2. **GLM-4.7-Flash (59.2%)**: Blue dot. Positioned at ~3B, 59.2%.
3. **Qwen3-Coder-30A3B (52.2%)**: Blue dot. Positioned at ~3B, 52.2%.
4. **Qwen3-30A3B-Instruct (22%)**: Blue dot. Positioned at ~3B, 22%.
5. **SWE-Mirror-7B (22.8%)**: Blue dot. Positioned at ~7B, 22.8%.

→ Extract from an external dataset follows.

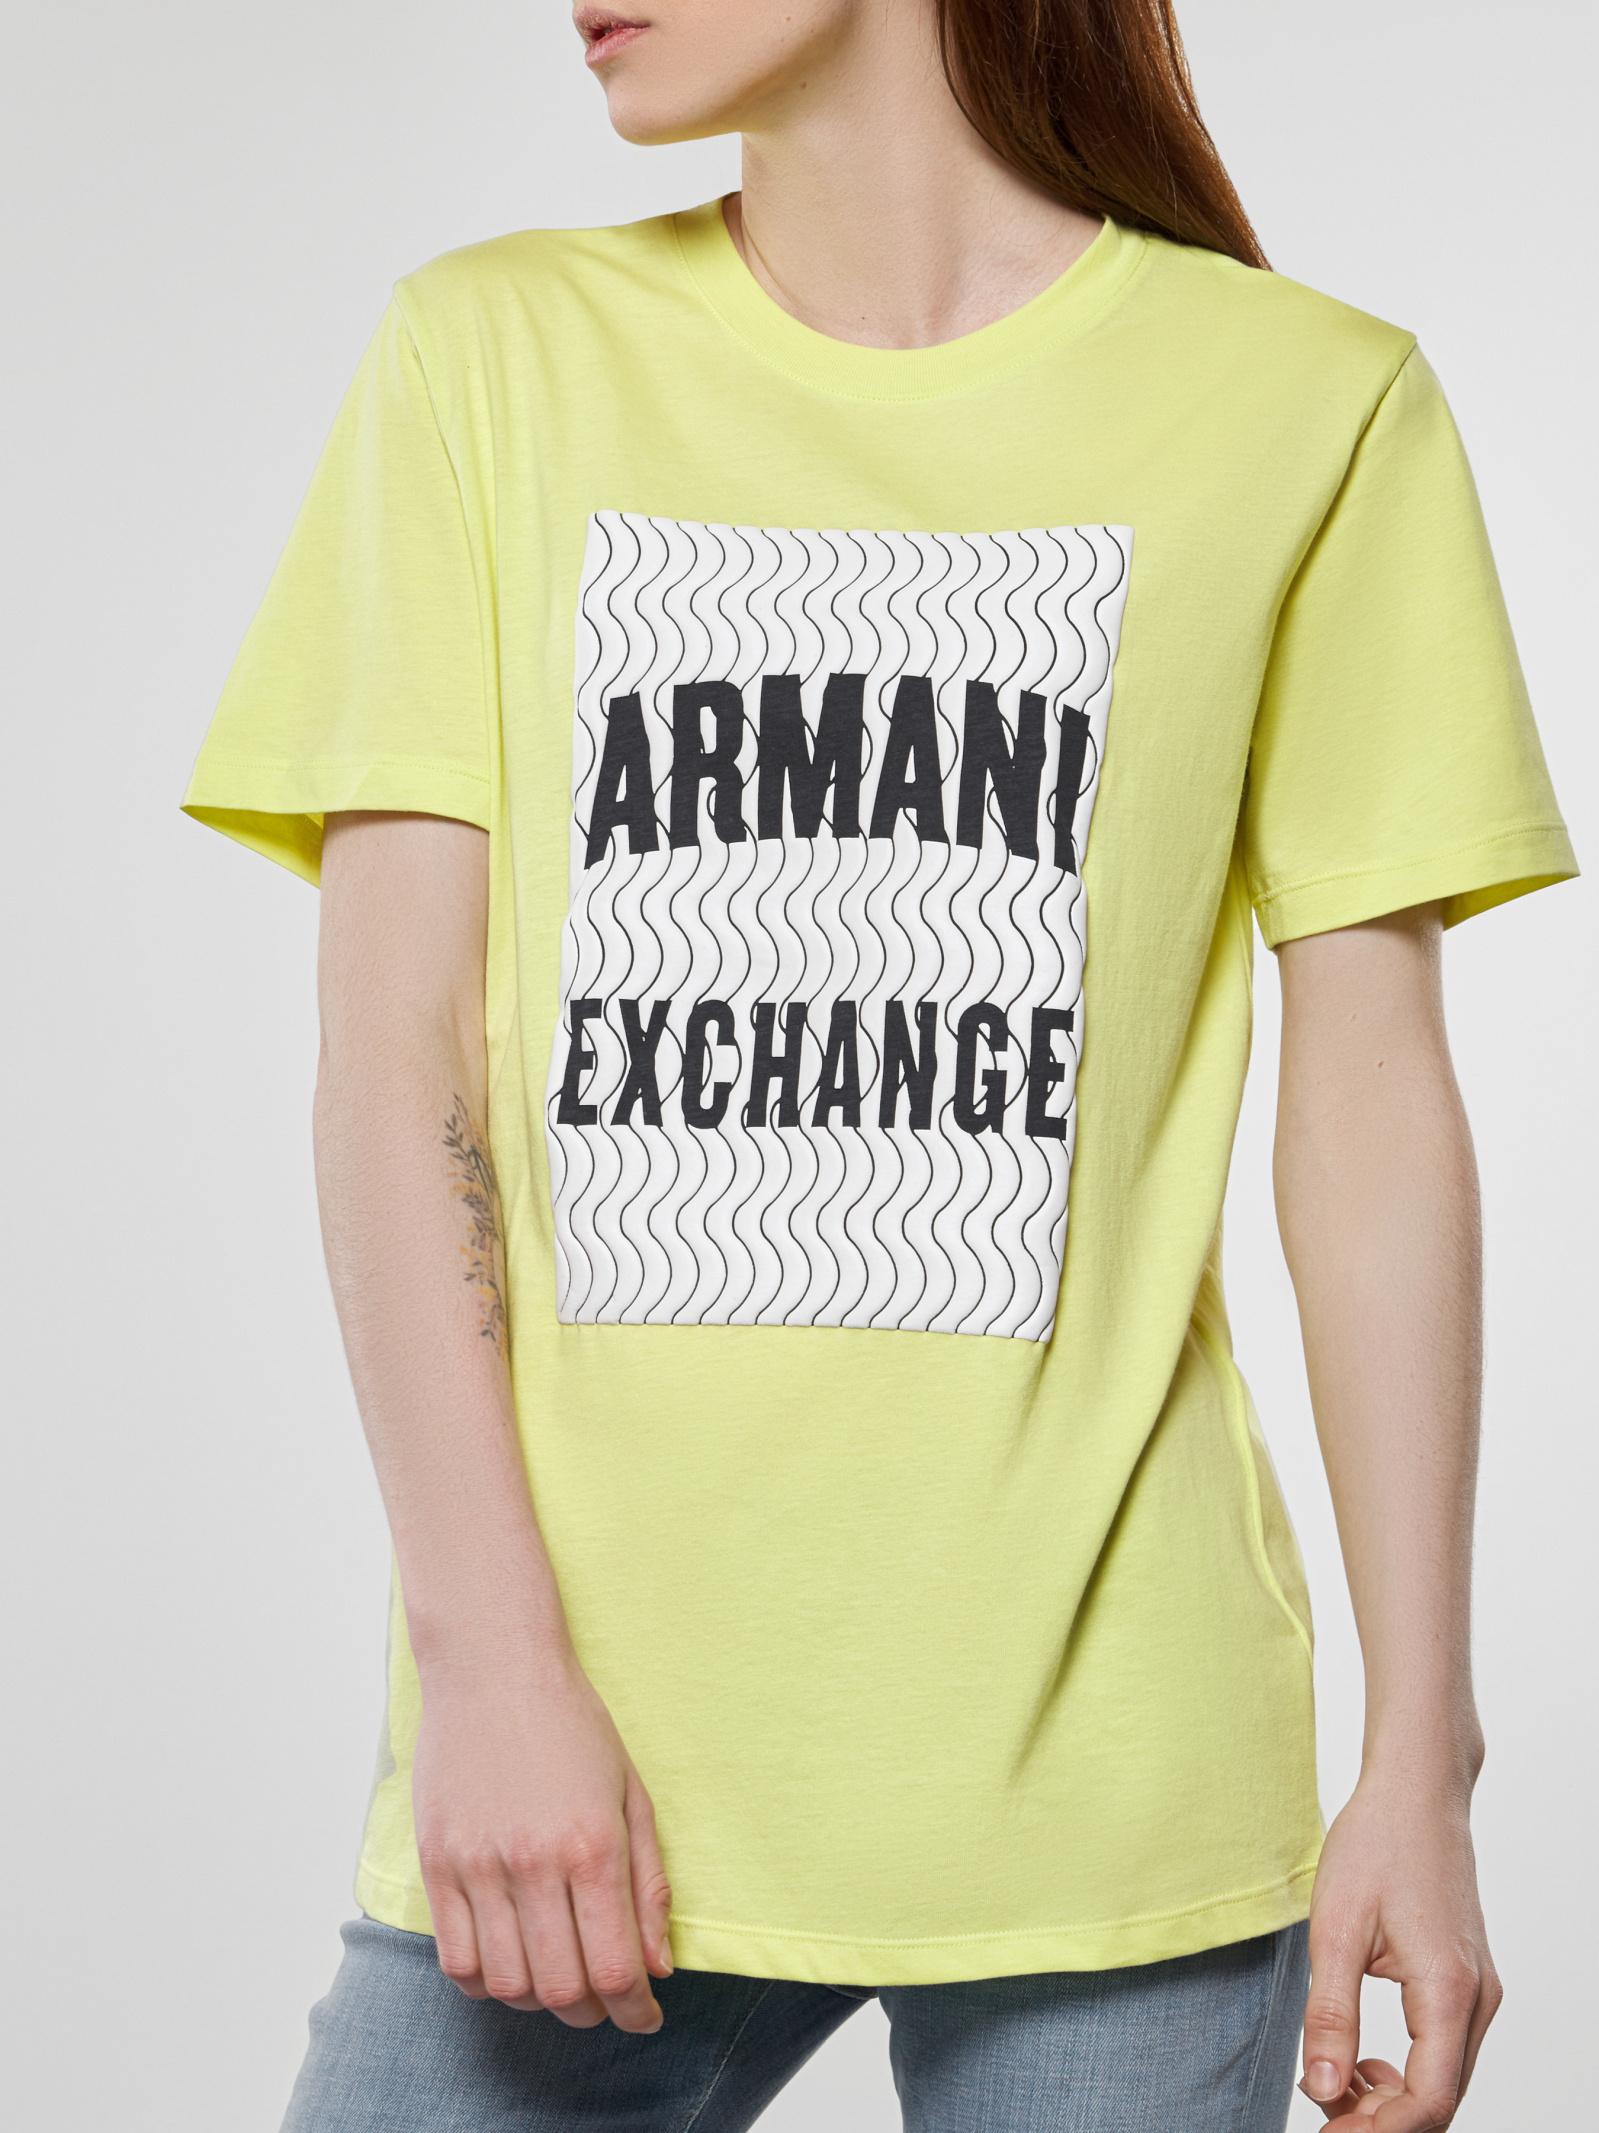 Футболка жіноча Armani Exchange модель 3HYTAM-YJ73Z-1846 - фото
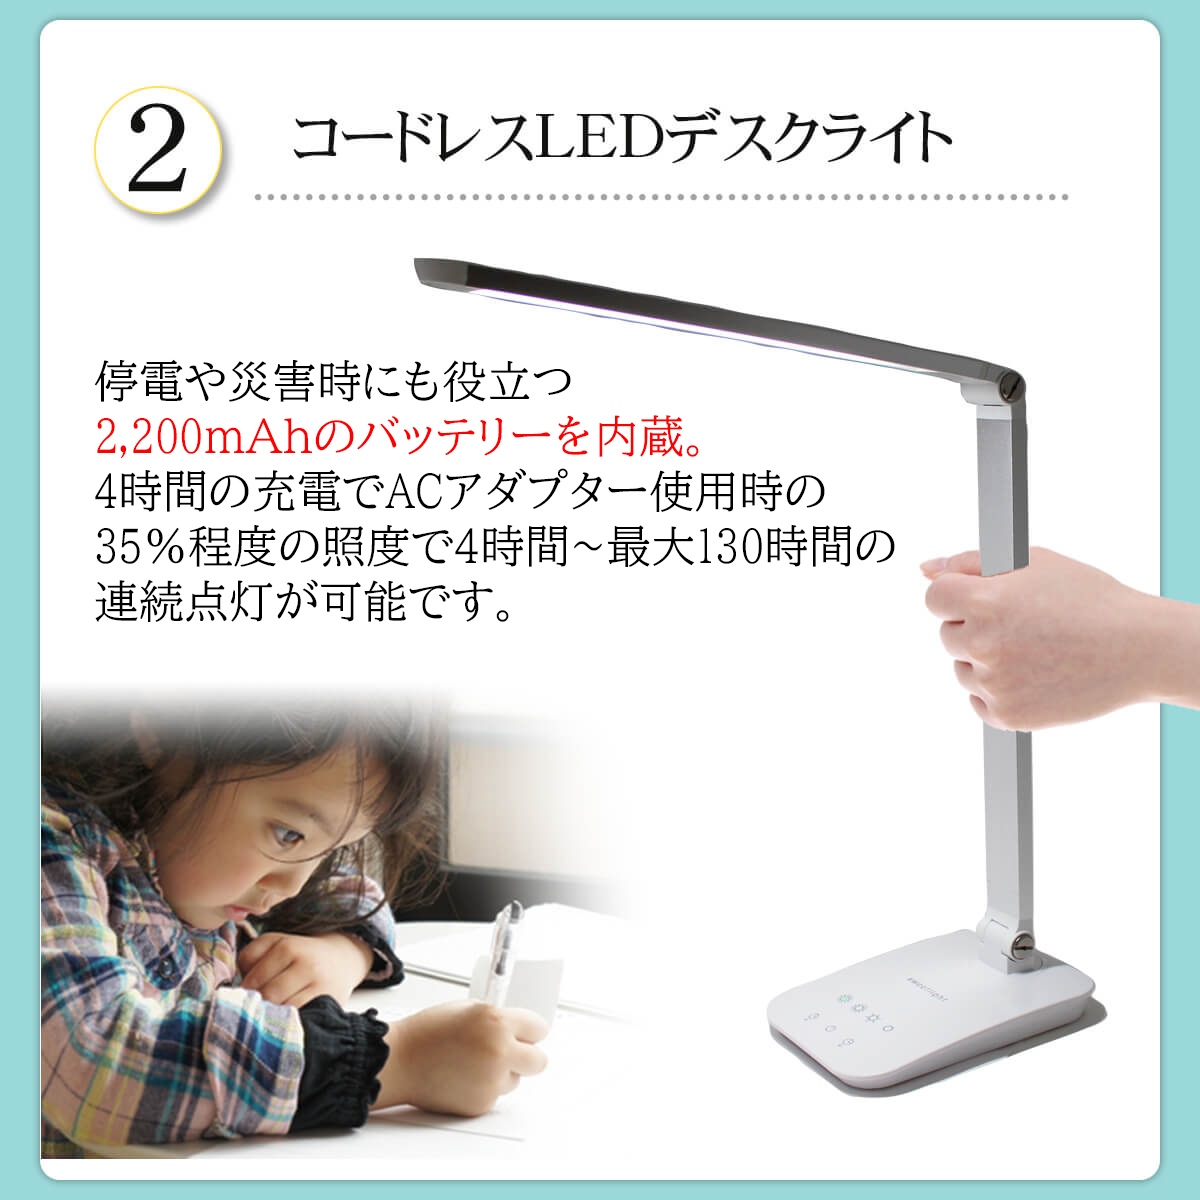 【再生品 新品ではありません】 デスクライト コードレス テレワーク LEDデスクライト スイートライト ポータブル� 充電式 LEDデスクスタンド 目にやさしい

6. **SWE-Lego-8B (42.2%)**: Blue dot. Positioned at ~8B (slightly right of 7B), 42.2%.
7. **SWE-smith (40.2%)**: Blue dot. Positioned at ~32B, 40.2%.
8. **R2E-Gym (34.4%)**: Blue dot. Positioned at ~32B, 34.4%.
9. **SWE-Gym (20.6%)**: Blue dot. Positioned at ~32B, 20.6%.
10. **KAT-Dev-32B (62.4%)**: Blue dot. Positioned at ~32B, 62.4%.
11. **SWE-Lego-32B (52.6%)**: Blue dot. Positioned at ~32B, 52.6%.
12. **SWE-Mirror-32B (52.2%)**: Blue dot. Positioned at ~32B, 52.2%.
13. **Llama3-SWE-RL (41%)**: Blue dot. Positioned at ~70B, 41%.
14. **SWE-Fixer (32.8%)**: Blue dot. Positioned at ~70B, 32.8%.
### Key Observations
* **Performance vs. Size Trend:** There is a general, but not strict, positive correlation between activated model size and benchmark performance. The highest-performing models (Scale-SWE, KAT-Dev-32B) are at the top of the chart.
* **Significant Outlier:** **Scale-SWE** is a major outlier. It achieves the highest score (64%) while having one of the smallest activated model sizes (~3B). This suggests exceptional efficiency or a different architectural approach.
* **Clustering at 32B:** A dense cluster of models exists around the 32B size mark, with performance varying widely from 20.6% (SWE-Gym) to 62.4% (KAT-Dev-32B).
* **Diminishing Returns at 70B:** The two models shown at 70B (Llama3-SWE-RL, SWE-Fixer) do not outperform the top models at 32B or 3B, indicating that simply increasing size does not guarantee better performance on this specific benchmark.
* **Performance Tiers:** Models can be loosely grouped into tiers:
* **Top Tier (>60%):** Scale-SWE, KAT-Dev-32B.
* **High Tier (50-60%):** GLM-4.7-Flash, SWE-Lego-32B, SWE-Mirror-32B, Qwen3-Coder-30A3B.
* **Mid Tier (40-50%):** SWE-Lego-8B, SWE-smith, Llama3-SWE-RL.
* **Lower Tier (<40%):** R2E-Gym, SWE-Fixer, SWE-Mirror-7B, Qwen3-30A3B-Instruct, SWE-Gym.
### Interpretation
This chart is likely from a technical report or paper introducing the "Scale-SWE" model. The primary message is that Scale-SWE achieves state-of-the-art performance (64%) on the SWE-Bench Verified benchmark while using a significantly smaller activated model size (~3B parameters) compared to other top performers like KAT-Dev-32B (32B). This challenges the common assumption that larger models always perform better and highlights the importance of model architecture, training data, or fine-tuning techniques (implied by names like "SWE-RL", "SWE-Lego", "SWE-Mirror").
The wide performance spread among models of similar size (especially at 32B) suggests that the SWE-Bench benchmark is highly sensitive to model specialization and training methodology for software engineering tasks, not just raw scale. The plot serves as a compelling visual argument for the efficiency and effectiveness of the Scale-SWE approach.